The dollar was little changed at $1.3038 per euro in trading yesterday
in New York. Federal Reserve spokeswoman Michelle Smith declined
to comment on Soros's remarks.
While the dollar has fallen 2.8 percent against the currencies
of its 30 major trading partners during the past year, it's fallen
more against the euro, 4.8 percent, because many Asian countries
link their currencies to the dollar, limiting changes in their
value.
The U.S. current account deficit will likely cause the euro to
continue to gain against the dollar. Because Asian currencies
are linked to the dollar, their value won't change as much as
the euro.
"Obviously, the dollar is already undervalued against the
euro,'' Soros said. "It has every sign of getting more undervalued,
because all the adjustment is between the dollar and the euro.''
So three of the richest, shrewdest people on the planet, Gates,
Soros and Buffet have lost faith in the dollar. Up until recently,
establishment types didn’t say this kind of thing in public.
Here’s another example. The investigative journalist, Seymour
Hersh, who broke both the My Lai and Abu Ghraib stories, has never,
to my knowledge, written about the economy. However, in a recent
talk about Iraq and the takeover of the US government by the
Neocon cult as reprinted in Signs of the Times for January 29, 2005
he said the following:
[The economy is] going to go very bad, folks. You know, if you
have not sold your stocks and bought property in Italy, you better
do it quick. And the third thing is Europe -- Europe is not going
to tolerate us much longer. The rage there is enormous. I'm talking
about our old-fashioned allies. We could see something there,
collective action against us. Certainly, nobody -- it's going
to be an awful lot of dancing on our graves as the dollar goes
bad and everybody stops buying our bonds, our credit -- our --
we're spending $2 billion a day to float the debt, and one of
these days, the Japanese and the Russians, everybody is going
to start buying oil in Euros instead of dollars. We're going to
see enormous panic here. But [Bush] could get through that. That
will be another year, and the damage he's going to do between
then and now is enormous. We're going to have some very bad months
ahead.
Hersh is a mainstream journalist who spends his time talking to
four-star generals, CIA analysts and parents of soldiers killed
in Iraq. Right now, we don’t need an economist to know which
way the wind is blowing. Hersh’s words are so shocking not
because we didn’t already know they were true but because
someone like him is saying them publicly. The enormity of the failure
in Iraq creates a situation like the building of seismic pressure
before an earthquake. On the surface, everything appears normal
until the moment when the pressure releases and the earth cracks
and shifts below our feet.
In other words, even though last week’s Economic Commentary
went through some of the economic factors that will most likely
lead to a collapse, political events seem to be moving much more
quickly, with the Bush Neocons perhaps realizing they don’t
have much time and therefore trying a last, desperate roll of the
dice by attacking Iran, Syria and perhaps even Venezuela as well.

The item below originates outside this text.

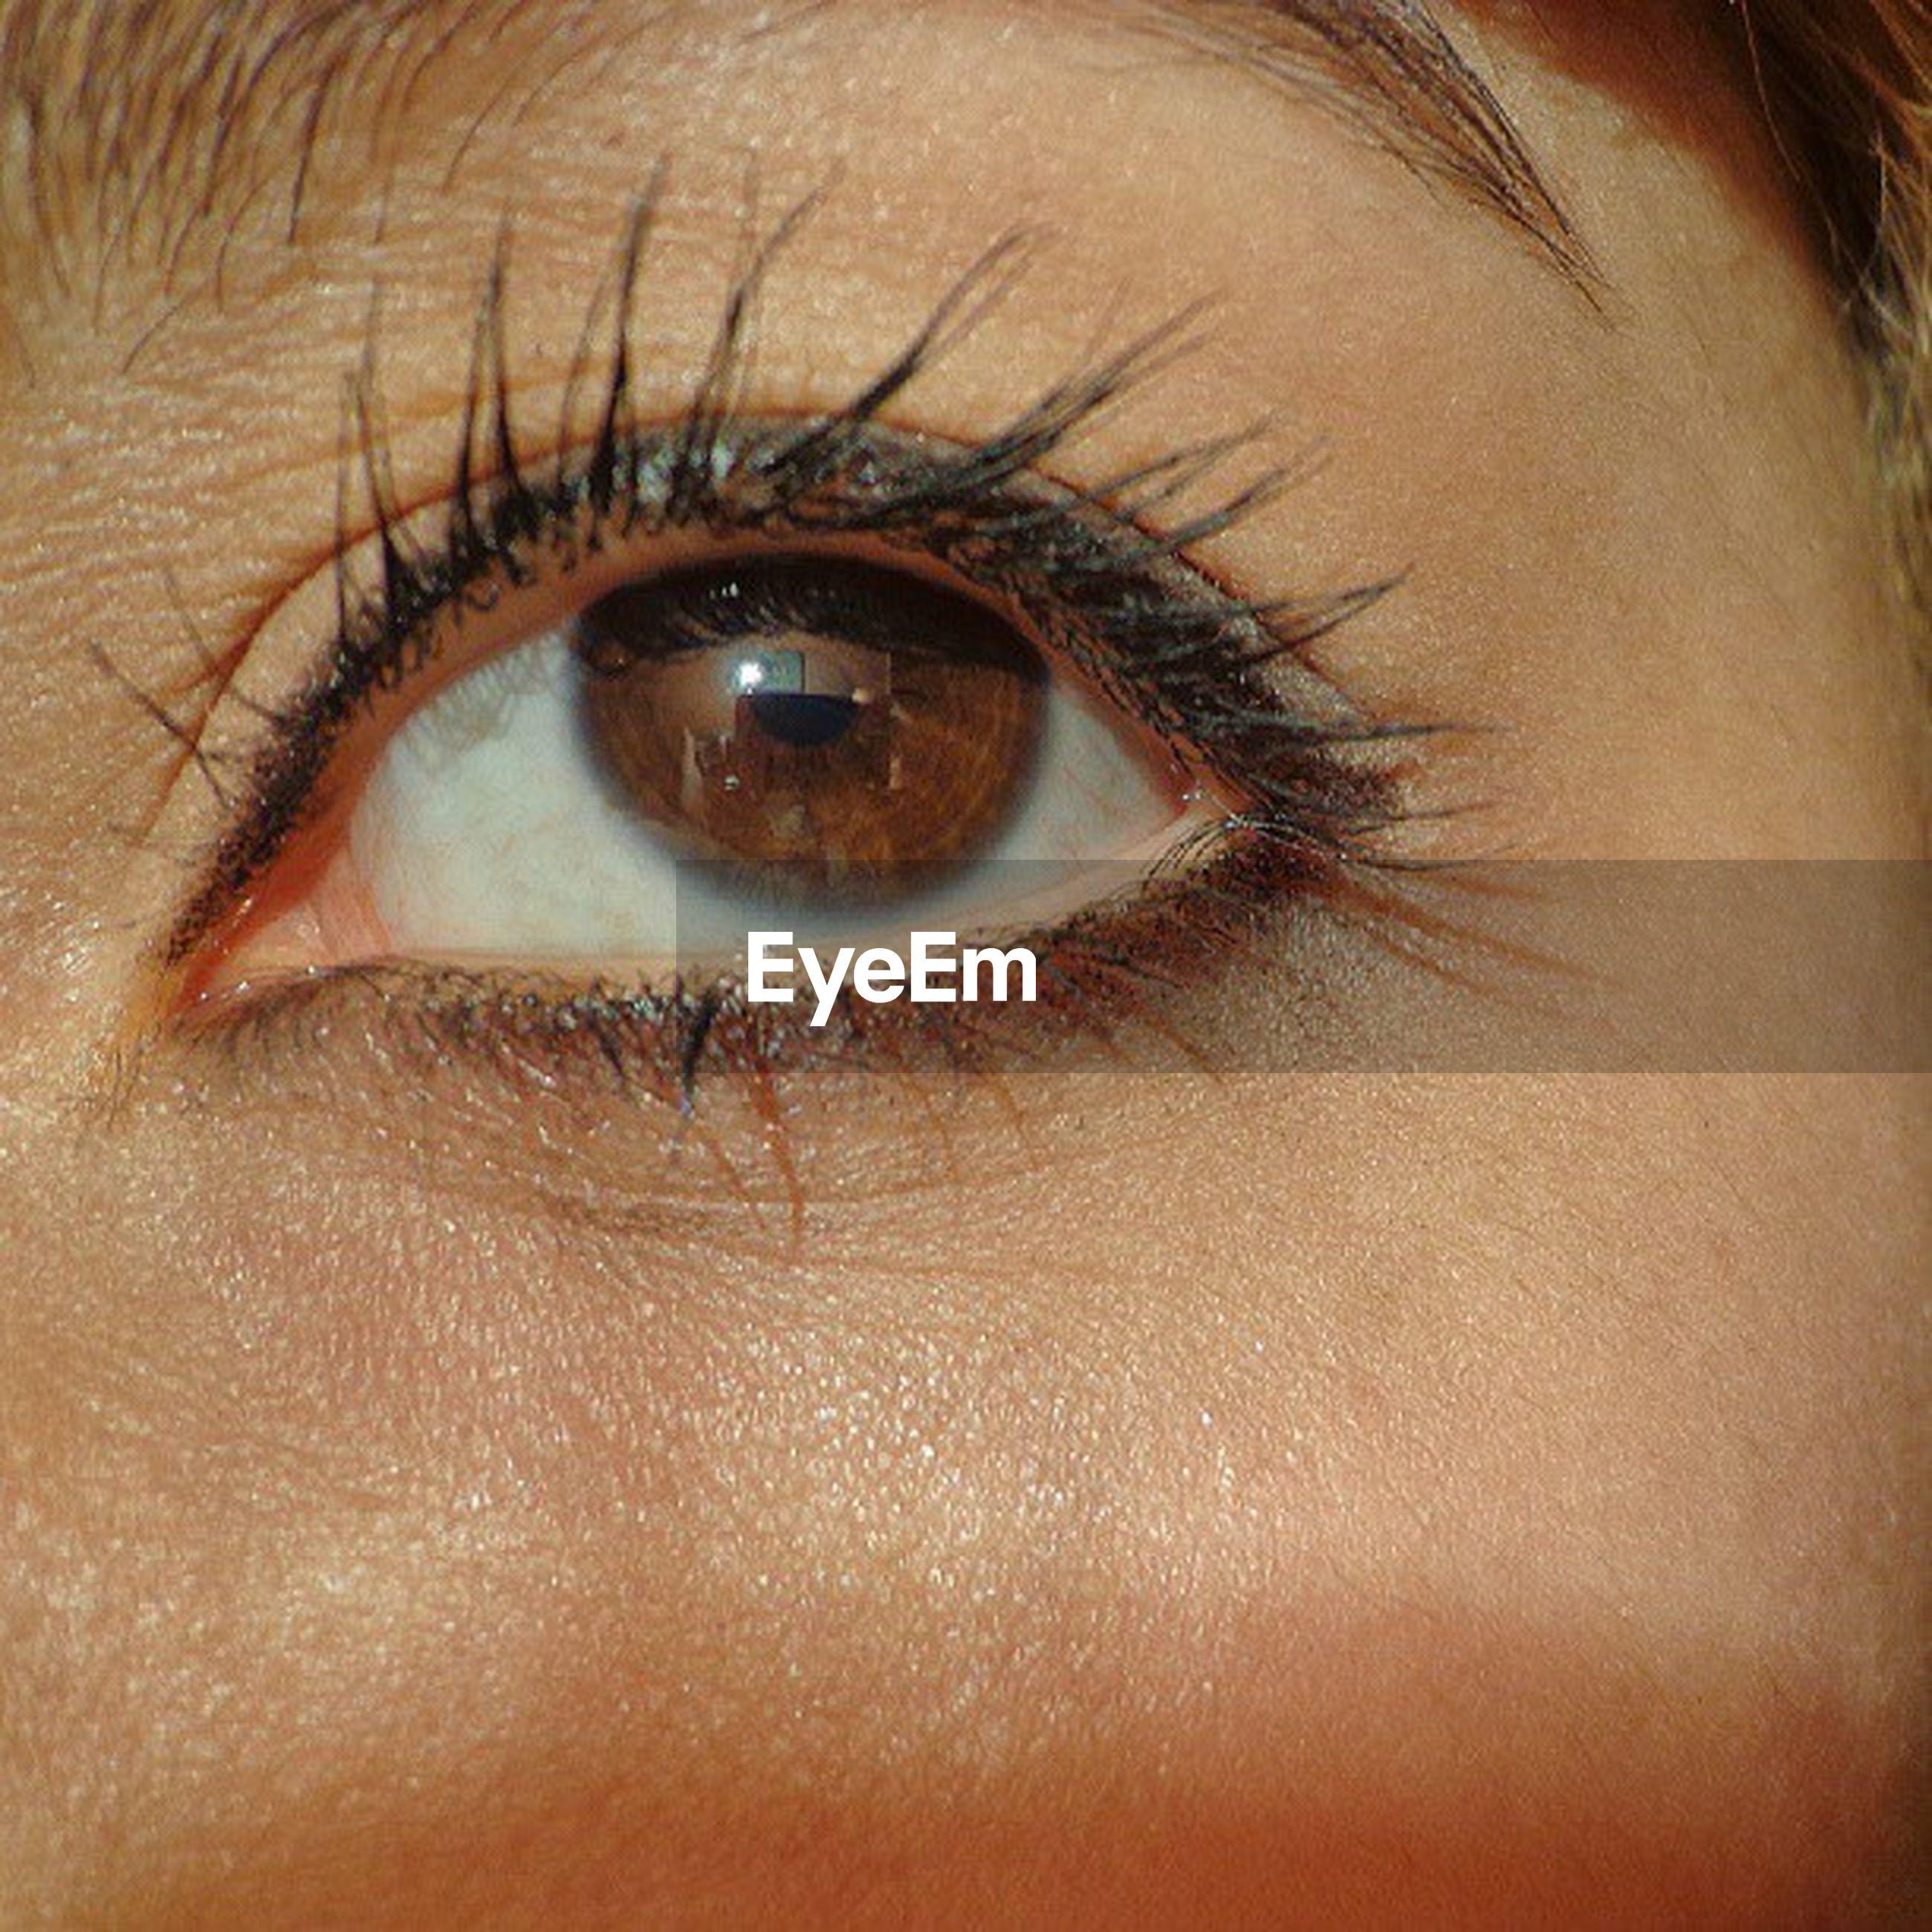 human eye, eyelash, close-up, eyesight, looking at camera, human skin, extreme close-up, portrait, sensory perception, part of, iris - eye, eyeball, human face, extreme close up, eyebrow, full frame, indoors

In one interesting tidbit that came to light last week, crude oil
imports to China increased
35% last year, as the Chinese economy grew at a rapid rate.
China needs lots of oil in order to complete its plan to become
the top economic and political power in the world. In another tidbit,
a wire service report on the weekend’s OPEC meeting noted
that the Venezuelan oil minister was not there because the Chinese
vice-president was visiting Caracas. No wonder Bush gang wants to
grab all the oil it can before the empire collapses and they are
all thrown in prison for treason and war crimes.
As Kurt
Nimmo wrote:
If we were not caught in a Bushzarro reality warp, Douglas Feith—and
Richard Perle, Paul Wolfowitz, David Wurmser, William Kristol,
Charles Krauthammer, Elliott Abrams, to name but a few of the
more prominent Strausscons—would be arrested and packed
off to the Hague to face prosecution for war crimes and crimes
against humanity.
Unfortunately, Douglas Feith will likely end up writing policy
papers and giving speeches for one of a handful of Strausscon
“think tanks” in Washington, pulling down a handsome
salary. So it is in America, where war criminals such as Henry
Kissinger—and former presidents such as Bill Clinton and
Bush Senior—are allowed to walk free, considered “elder
statesmen,” create law firms and consulting services, write
best selling books, are interviewed and pampered, and have libraries
built in their names.
If excusing and ignoring these crimes—indeed, often celebrating
them—demonstrates anything, it is that America is suffering
from a dangerous and what will likely sooner or later prove to
be fatal pathology. For as Germany learned, sooner or later the
rest of the world will respond to this murderous pathology and
put and end to it for good, more than likely economically since
the United States military, at least in a conventional warfare
sense, is unbeatable, mostly due to its fearsome stockpile of
nukes and other marvels of high-tech mass murder and destruction.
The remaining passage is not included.